We are satisfied with the soundness of this principle, and applying it to the facts of this case, it is-clear that as to all the plaintiffs the Stanly judgment must be considered to have been satisfied as of 17th September, 1866, or at all events as of October ninth following, at which time a sale of the *536personal property was actually made under the several executions—that issued upon this judgment being first in its levy, and entitled to the first satisfaction. If the parties to. these judgments had the right to rearrange, as between themselves, the order in which their respective judgments should be satisfied out of the fund produced by the sale, a question which we are not called upon to determine, they certainly could not be permitted to so rearrange them as to thereby work a damage or loss to the rights of others, who were not consenting thereto. Had the proceeds of the sale been first applied to the Stanly judgment, as the statute directed, that judgment would have been thereby satisfied in fact, and the liens of all the plaintiffs would, in that case, have been prior to all others upon the building and premises in question. But the attorney who represented the Stanly judgment directed that the fund be applied in part to satisfy other judgments junior to the liens of the plaintiffs. The effect of this, should it be permitted, would be to postpone the liens of the plaintiffs without their consent, and to confer upon other persons a priority to which they had in no other way become entitled. We are of opinion, therefore, that as against the claims of those of the plaintiffs whose liens attached subsequently to the 7th August, 1866, the judgment in favor of Stanly must be considered to have been satisfied by the levy and sale of the personal property.

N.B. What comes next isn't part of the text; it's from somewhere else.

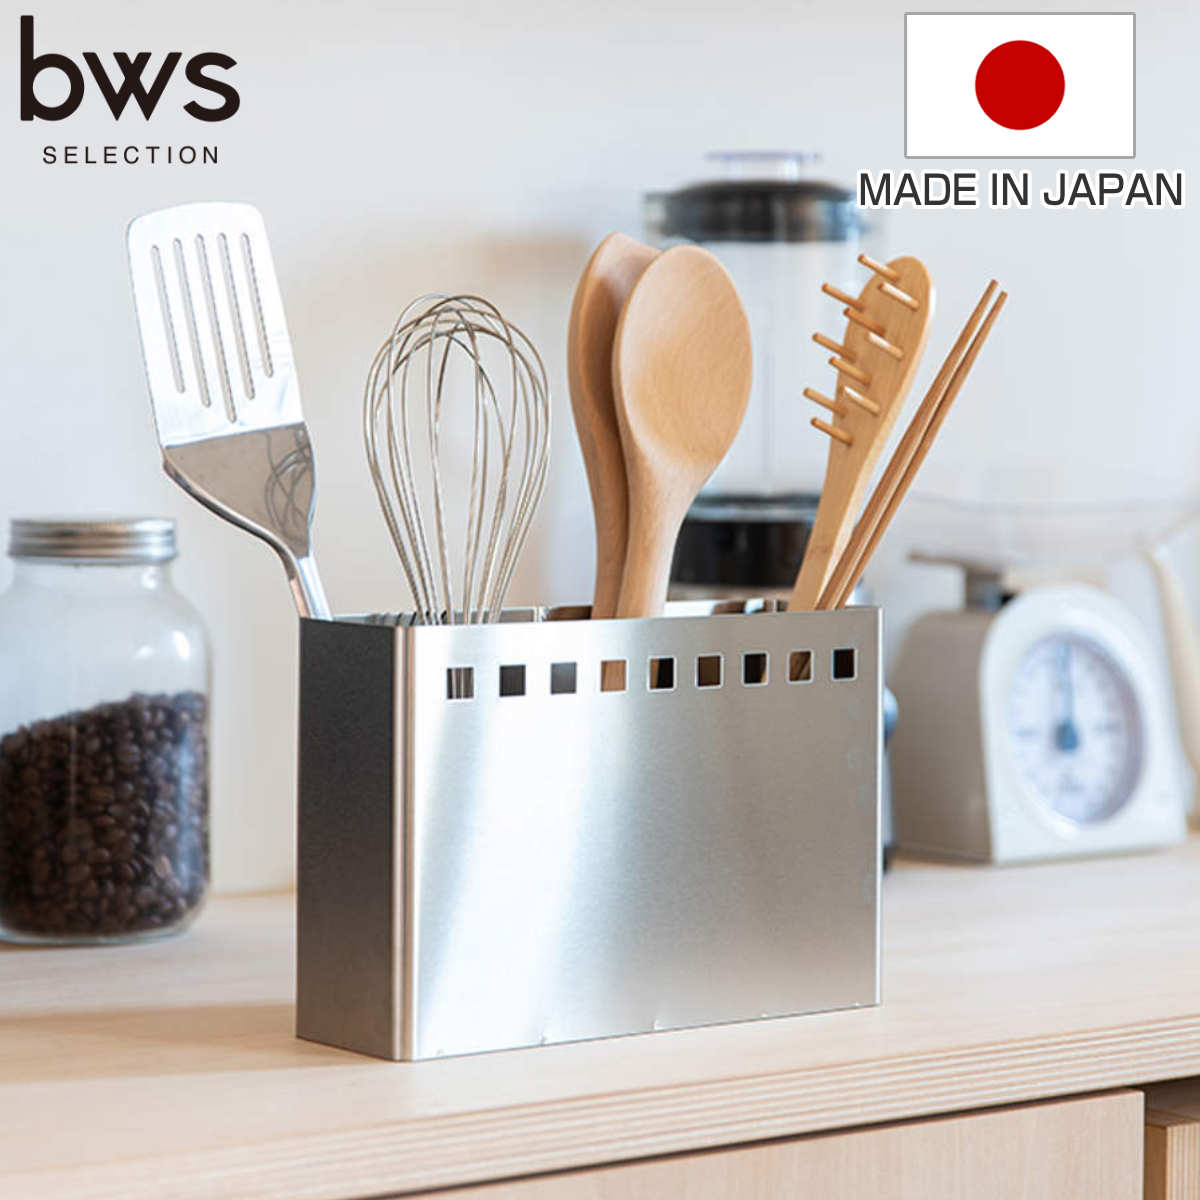 キッチンツールスタンド ワイド bws SELECTION （ 日本製 ステンレス ビーワースセレクション ツールスタンド キッチンスタンド 調理道具
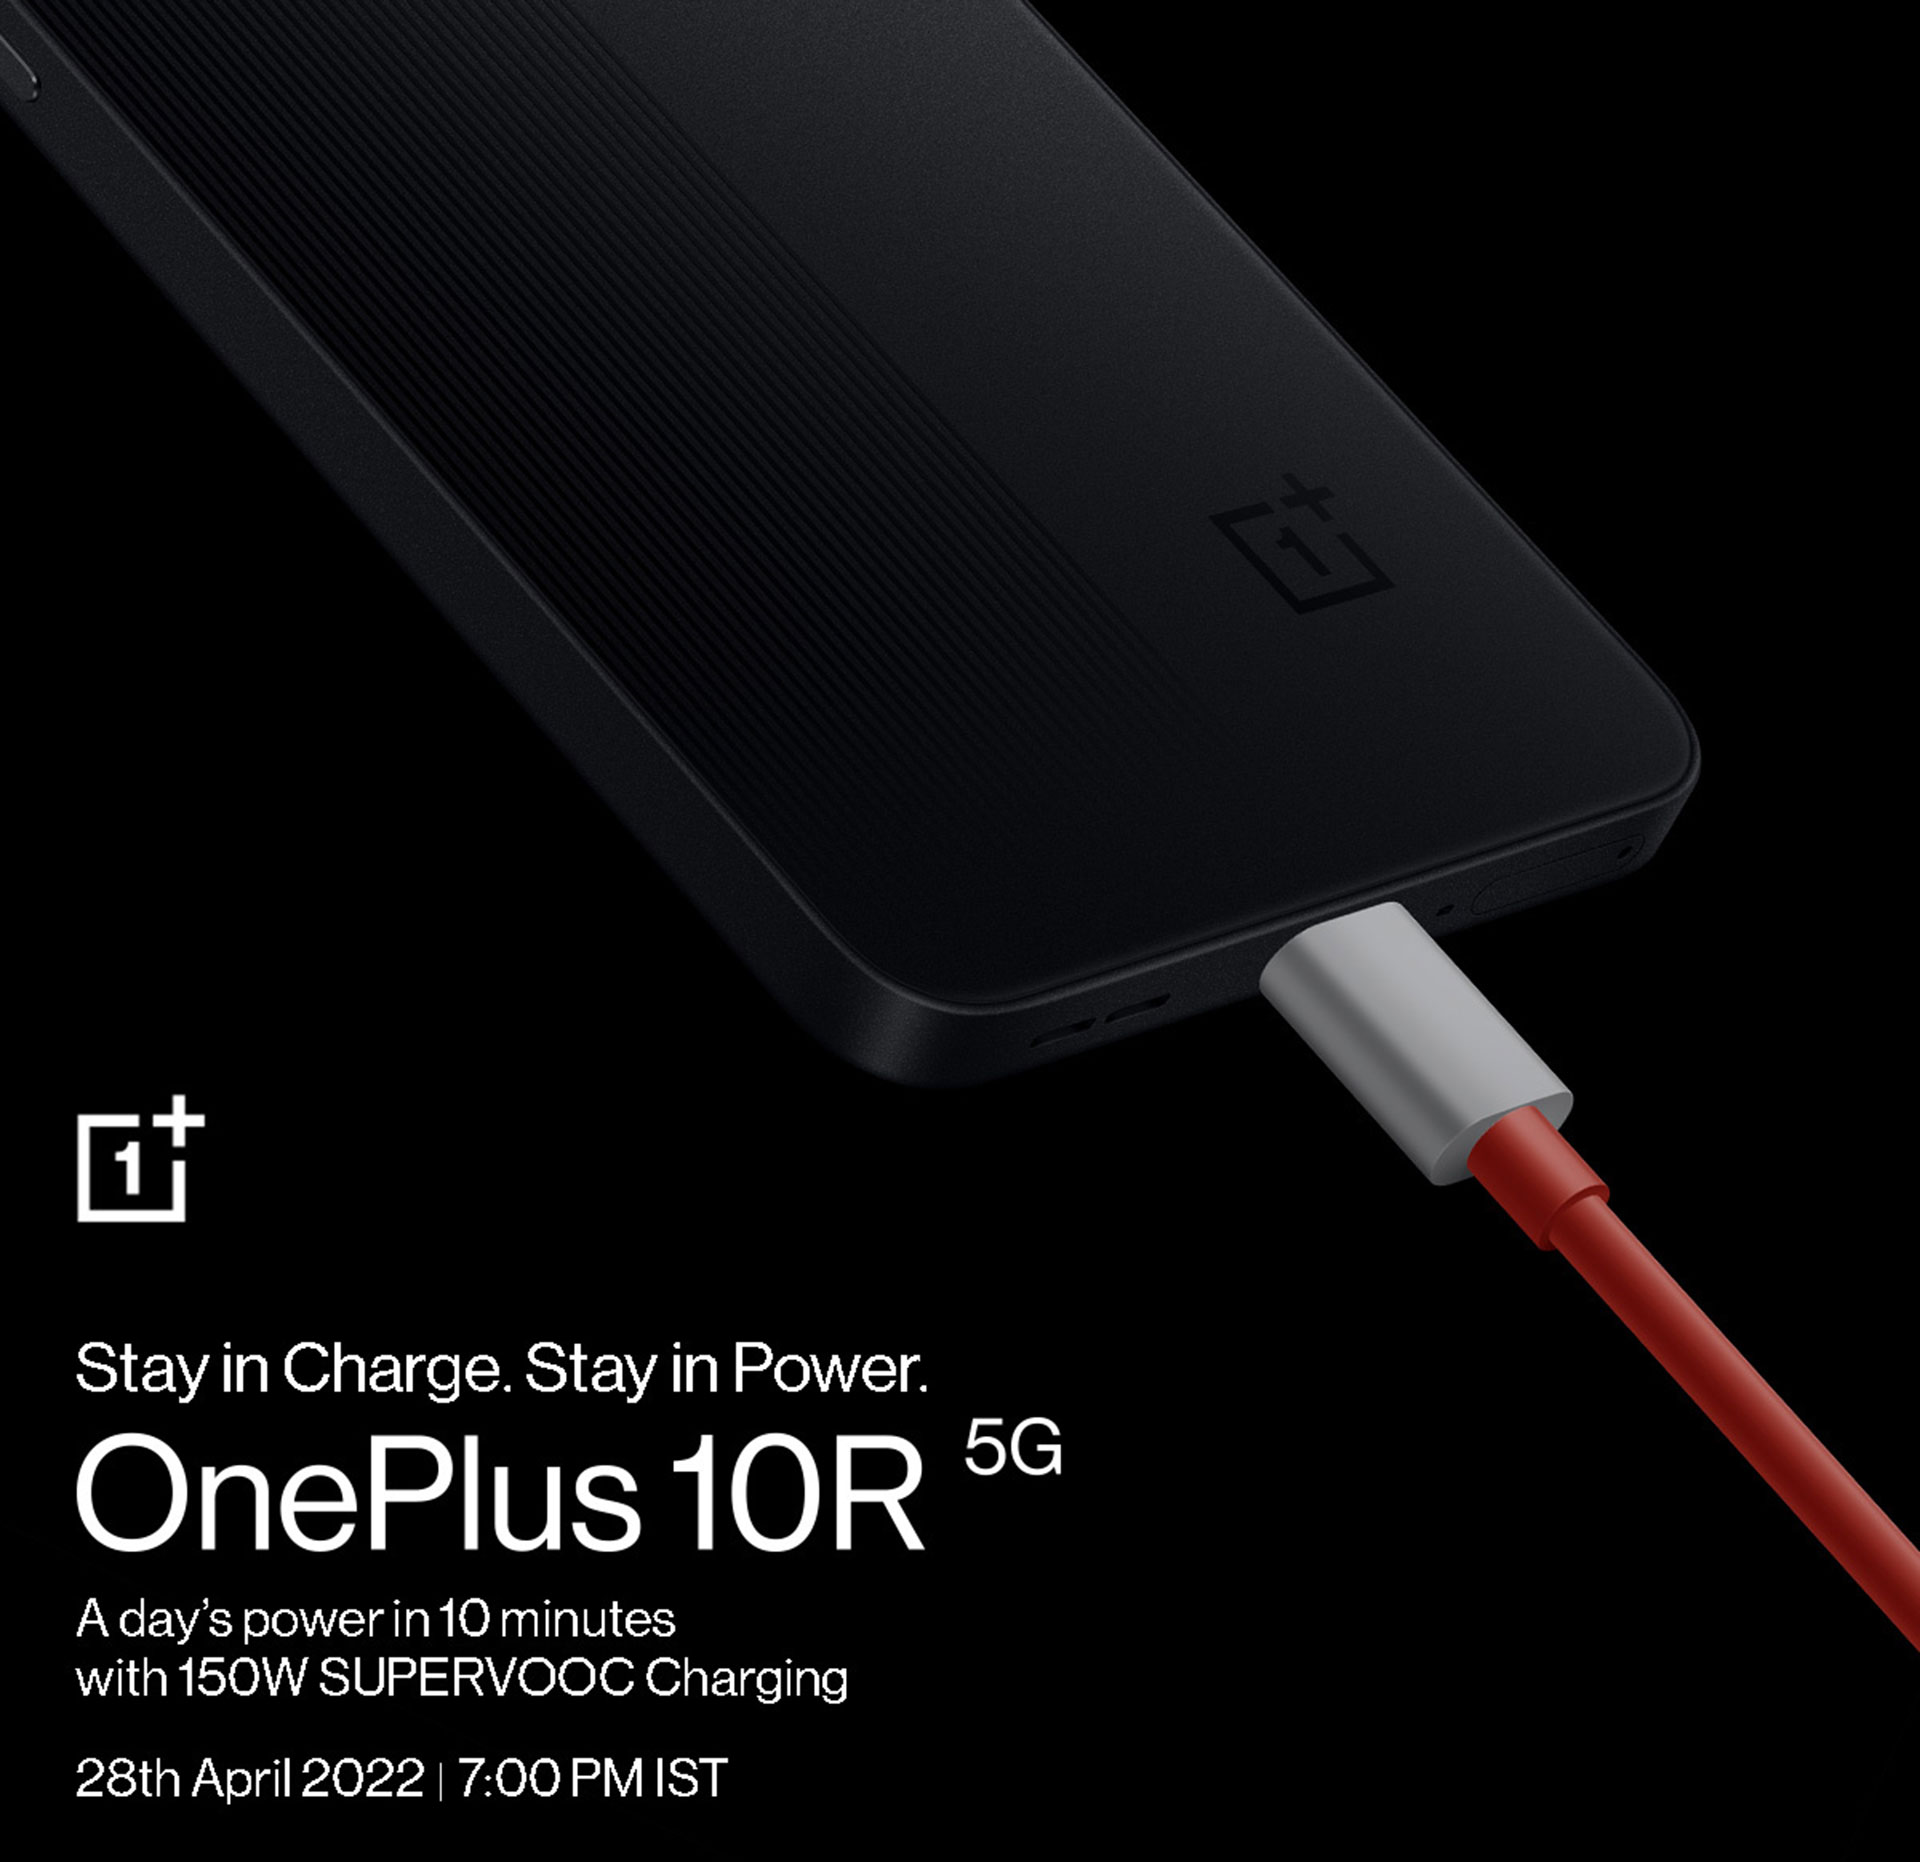 معرفی قدرت شارژ OnePlus 10R 5G در پوستر تبلیغاتی آن

It is apparent that the defendant Marsden was not really or in fact the purchaser at the sale of the premises under the Stanly judgment. The money paid upon that sale was of the assets of the copartnership of Searle and the defendant Green. Th# name of Marsden seems to have been used by the defendant Green with a view to embarrass the controversy by his introduction into the proceeding in the assumed character of a stranger, bidding and purchasing in good faith at a judicial sale, without notice of the circumstances touching the disposition of the moneys arising from *537the sale of the personal property, and as to whom, had he really occupied that position, a question more or less serious might have arisen as to the extent to which he would be entitled to be protected. The sale made nominally to Marsden was really made to the defendant Green, whose subsequent redemption from that sale, as a holder of a subsequent lien, was really a redemption from his own purchase, his attorney, and, therefore, he himself, having notice of all the facts which had occurred in reference to the application of the moneys realized by the sale of the personal property. He subsequently entered into possession of the premises under the Sheriff’s deed, obtained upon that redemption.

The decree, in so far as it fixes the defendants with a personal liability, cannot be supported. The defendants Reynolds and Washburn had been discharged from their liabilities by the proceeding in insolvency, and there is no personal claim established against the other defendants by the facts appearing in the case.

The decree is, therefore, reversed, and the cause remanded, with directions to render a decree not inconsistent with this opinion; the defendant Green to pay the costs of this appeal, and all the other costs accrued in this suit up to the rendition of the final decree upon the return of the cause to the Court below.

Mr. Justice Rhodes did not express an opinion.